Print each line exactly, beginning with the one where "Envelope - Front" appears and ending at the last line below.

(Data records)
========

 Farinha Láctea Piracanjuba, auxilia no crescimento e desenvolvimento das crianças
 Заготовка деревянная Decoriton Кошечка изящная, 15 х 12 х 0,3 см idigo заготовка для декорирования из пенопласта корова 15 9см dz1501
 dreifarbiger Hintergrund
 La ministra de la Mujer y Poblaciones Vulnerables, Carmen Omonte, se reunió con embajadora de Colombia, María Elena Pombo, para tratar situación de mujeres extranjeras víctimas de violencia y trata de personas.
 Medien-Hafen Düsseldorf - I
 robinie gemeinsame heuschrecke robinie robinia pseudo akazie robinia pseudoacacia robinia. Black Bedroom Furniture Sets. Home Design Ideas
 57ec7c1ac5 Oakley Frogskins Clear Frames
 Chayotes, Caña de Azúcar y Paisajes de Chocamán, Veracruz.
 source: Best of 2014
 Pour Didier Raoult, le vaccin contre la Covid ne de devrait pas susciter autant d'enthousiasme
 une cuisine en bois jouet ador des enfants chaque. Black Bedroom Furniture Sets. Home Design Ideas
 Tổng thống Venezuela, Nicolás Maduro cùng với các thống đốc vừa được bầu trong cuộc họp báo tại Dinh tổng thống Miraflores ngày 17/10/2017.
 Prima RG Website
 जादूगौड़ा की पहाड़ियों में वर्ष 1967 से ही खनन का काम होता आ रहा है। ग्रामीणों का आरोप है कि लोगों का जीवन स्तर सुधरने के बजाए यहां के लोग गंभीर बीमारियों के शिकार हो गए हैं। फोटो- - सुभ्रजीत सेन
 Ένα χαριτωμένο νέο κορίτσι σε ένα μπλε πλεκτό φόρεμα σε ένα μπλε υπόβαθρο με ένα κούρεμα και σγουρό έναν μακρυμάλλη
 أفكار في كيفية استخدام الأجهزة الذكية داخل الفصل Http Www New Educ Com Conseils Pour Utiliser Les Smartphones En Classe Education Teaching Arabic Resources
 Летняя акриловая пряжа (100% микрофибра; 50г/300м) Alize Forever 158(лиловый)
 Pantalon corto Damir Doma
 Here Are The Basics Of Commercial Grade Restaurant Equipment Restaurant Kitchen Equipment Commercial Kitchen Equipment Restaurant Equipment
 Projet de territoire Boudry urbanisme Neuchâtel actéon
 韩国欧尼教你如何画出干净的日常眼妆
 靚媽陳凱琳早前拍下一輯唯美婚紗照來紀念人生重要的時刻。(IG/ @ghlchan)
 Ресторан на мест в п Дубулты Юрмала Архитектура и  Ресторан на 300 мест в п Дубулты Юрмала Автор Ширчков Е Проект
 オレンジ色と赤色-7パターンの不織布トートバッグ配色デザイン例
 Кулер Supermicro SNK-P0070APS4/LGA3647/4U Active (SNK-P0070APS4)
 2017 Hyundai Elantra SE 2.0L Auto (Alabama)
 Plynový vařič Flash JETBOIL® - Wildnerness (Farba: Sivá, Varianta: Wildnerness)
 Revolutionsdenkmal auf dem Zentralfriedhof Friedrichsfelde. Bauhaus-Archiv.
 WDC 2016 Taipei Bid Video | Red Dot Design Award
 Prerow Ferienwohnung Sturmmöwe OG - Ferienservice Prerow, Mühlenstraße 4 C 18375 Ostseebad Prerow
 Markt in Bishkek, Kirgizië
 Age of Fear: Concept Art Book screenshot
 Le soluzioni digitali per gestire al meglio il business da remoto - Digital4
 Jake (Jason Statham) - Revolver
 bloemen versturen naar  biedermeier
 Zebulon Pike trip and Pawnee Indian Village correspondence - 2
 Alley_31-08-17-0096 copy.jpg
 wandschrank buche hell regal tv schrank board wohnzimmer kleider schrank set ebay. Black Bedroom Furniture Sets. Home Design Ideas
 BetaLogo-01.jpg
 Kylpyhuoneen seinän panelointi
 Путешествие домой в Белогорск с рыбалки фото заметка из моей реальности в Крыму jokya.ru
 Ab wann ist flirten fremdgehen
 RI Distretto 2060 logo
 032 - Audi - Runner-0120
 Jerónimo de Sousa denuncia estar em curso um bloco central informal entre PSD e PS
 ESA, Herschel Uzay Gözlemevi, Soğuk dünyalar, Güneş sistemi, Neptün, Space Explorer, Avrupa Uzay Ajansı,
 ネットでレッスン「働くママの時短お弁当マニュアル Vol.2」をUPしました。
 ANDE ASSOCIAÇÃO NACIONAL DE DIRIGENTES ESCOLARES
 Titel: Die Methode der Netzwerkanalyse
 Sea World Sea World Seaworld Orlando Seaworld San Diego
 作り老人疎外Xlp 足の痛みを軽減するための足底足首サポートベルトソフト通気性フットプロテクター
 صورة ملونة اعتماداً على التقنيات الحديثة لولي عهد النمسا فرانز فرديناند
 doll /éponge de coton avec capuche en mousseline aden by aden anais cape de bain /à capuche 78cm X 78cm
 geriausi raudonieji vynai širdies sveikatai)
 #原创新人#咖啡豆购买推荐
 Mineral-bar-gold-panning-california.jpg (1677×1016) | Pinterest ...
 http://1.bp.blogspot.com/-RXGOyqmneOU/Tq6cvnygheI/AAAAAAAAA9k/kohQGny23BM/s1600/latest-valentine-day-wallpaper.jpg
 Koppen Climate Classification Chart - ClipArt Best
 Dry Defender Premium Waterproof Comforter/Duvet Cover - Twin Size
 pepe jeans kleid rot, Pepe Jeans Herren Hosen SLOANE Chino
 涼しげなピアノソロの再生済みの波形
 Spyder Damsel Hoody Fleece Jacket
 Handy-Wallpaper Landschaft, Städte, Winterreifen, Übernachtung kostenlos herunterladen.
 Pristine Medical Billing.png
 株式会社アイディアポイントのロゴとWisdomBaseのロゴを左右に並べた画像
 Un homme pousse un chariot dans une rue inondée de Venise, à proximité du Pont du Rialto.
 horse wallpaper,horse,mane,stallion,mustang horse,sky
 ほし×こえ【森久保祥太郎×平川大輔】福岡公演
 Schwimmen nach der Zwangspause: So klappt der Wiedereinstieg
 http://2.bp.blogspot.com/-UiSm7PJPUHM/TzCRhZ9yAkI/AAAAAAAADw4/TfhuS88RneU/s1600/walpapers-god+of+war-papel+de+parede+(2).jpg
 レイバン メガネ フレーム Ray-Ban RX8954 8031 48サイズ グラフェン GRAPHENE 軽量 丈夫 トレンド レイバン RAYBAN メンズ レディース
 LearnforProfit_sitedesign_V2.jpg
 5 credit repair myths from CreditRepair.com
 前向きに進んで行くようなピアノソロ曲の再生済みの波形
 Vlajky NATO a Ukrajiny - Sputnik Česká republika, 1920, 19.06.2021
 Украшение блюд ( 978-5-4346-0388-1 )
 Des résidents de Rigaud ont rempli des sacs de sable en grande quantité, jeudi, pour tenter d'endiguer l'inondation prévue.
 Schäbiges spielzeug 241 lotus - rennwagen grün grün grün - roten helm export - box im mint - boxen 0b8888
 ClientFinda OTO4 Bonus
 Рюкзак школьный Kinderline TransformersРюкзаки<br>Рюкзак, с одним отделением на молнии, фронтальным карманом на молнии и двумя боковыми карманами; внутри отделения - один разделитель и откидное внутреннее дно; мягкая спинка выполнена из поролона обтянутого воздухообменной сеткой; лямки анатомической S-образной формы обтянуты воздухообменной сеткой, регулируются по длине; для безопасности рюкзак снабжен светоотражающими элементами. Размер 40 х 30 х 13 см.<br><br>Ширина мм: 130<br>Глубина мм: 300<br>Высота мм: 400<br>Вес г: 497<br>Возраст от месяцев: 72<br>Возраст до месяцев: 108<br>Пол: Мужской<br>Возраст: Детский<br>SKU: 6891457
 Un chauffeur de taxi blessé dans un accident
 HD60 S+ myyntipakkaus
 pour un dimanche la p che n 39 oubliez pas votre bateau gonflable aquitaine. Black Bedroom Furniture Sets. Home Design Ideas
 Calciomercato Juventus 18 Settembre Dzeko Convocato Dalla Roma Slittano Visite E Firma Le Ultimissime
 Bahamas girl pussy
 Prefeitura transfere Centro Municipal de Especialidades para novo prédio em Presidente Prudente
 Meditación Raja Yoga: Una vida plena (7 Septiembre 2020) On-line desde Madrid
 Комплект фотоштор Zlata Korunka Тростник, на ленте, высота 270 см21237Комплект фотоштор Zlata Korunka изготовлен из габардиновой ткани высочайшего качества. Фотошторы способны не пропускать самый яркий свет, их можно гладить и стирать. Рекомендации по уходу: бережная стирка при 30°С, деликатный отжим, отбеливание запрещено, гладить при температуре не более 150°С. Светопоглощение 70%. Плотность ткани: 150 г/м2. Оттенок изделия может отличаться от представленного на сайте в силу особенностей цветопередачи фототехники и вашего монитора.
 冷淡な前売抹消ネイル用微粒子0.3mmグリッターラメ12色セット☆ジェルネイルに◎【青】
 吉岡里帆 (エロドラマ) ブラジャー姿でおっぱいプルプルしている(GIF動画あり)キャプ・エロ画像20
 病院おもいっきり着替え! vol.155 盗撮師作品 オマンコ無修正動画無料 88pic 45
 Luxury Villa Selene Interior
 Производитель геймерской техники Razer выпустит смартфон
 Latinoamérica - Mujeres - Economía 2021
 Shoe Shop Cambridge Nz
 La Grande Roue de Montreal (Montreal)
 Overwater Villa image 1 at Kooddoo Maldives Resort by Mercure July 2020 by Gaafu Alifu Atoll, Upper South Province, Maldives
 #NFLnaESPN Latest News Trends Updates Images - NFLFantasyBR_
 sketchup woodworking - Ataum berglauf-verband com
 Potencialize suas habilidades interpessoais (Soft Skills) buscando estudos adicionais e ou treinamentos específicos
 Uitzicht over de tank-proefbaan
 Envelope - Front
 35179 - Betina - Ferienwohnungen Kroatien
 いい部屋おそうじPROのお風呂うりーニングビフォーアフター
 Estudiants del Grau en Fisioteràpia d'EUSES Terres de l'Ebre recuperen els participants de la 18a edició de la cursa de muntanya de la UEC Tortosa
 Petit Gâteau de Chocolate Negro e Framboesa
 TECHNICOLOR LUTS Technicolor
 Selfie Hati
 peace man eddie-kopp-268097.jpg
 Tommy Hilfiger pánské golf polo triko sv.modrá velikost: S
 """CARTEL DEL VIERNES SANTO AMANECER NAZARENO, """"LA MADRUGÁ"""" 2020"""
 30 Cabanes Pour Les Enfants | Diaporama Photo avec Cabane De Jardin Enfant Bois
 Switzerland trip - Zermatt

========

- COMPLETED TASK:
 Envelope - Front
 35179 - Betina - Ferienwohnungen Kroatien
 いい部屋おそうじPROのお風呂うりーニングビフォーアフター
 Estudiants del Grau en Fisioteràpia d'EUSES Terres de l'Ebre recuperen els participants de la 18a edició de la cursa de muntanya de la UEC Tortosa
 Petit Gâteau de Chocolate Negro e Framboesa
 TECHNICOLOR LUTS Technicolor
 Selfie Hati
 peace man eddie-kopp-268097.jpg
 Tommy Hilfiger pánské golf polo triko sv.modrá velikost: S
 """CARTEL DEL VIERNES SANTO AMANECER NAZARENO, """"LA MADRUGÁ"""" 2020"""
 30 Cabanes Pour Les Enfants | Diaporama Photo avec Cabane De Jardin Enfant Bois
 Switzerland trip - Zermatt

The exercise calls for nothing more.